TASK PROMPT ::
From the listing below, copy only the lines from the line that contains "red carpet arrivals" to the line that contains "Full-service courier options", counting those two lines as part of the copy.

INFORMATION PROVIDED ::
⟨
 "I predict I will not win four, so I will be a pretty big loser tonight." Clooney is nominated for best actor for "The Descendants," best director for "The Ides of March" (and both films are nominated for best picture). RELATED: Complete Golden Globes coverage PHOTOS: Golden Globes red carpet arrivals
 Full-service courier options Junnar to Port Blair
⟩
⟨
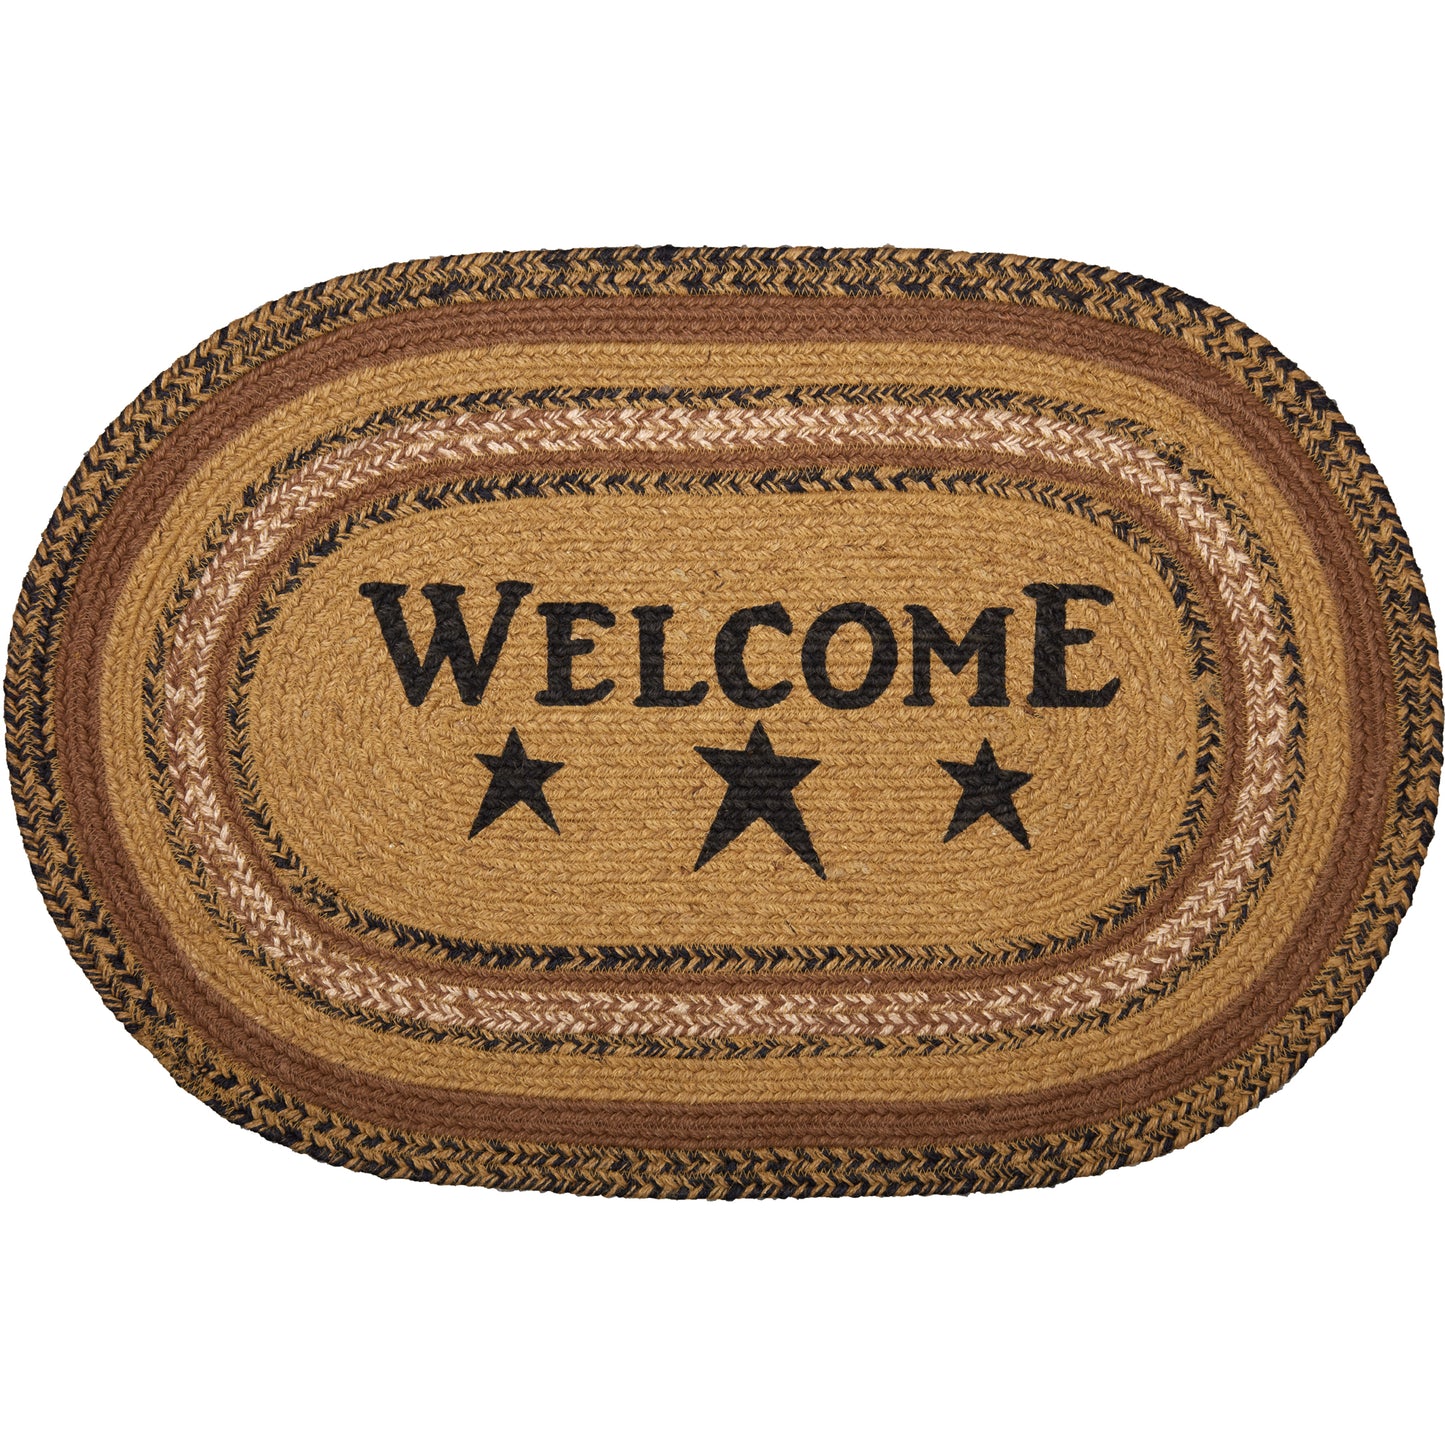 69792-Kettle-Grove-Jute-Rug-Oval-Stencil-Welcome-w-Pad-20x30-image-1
⟩
SOLVED PROBLEM ::
 "I predict I will not win four, so I will be a pretty big loser tonight." Clooney is nominated for best actor for "The Descendants," best director for "The Ides of March" (and both films are nominated for best picture). RELATED: Complete Golden Globes coverage PHOTOS: Golden Globes red carpet arrivals
 Full-service courier options Junnar to Port Blair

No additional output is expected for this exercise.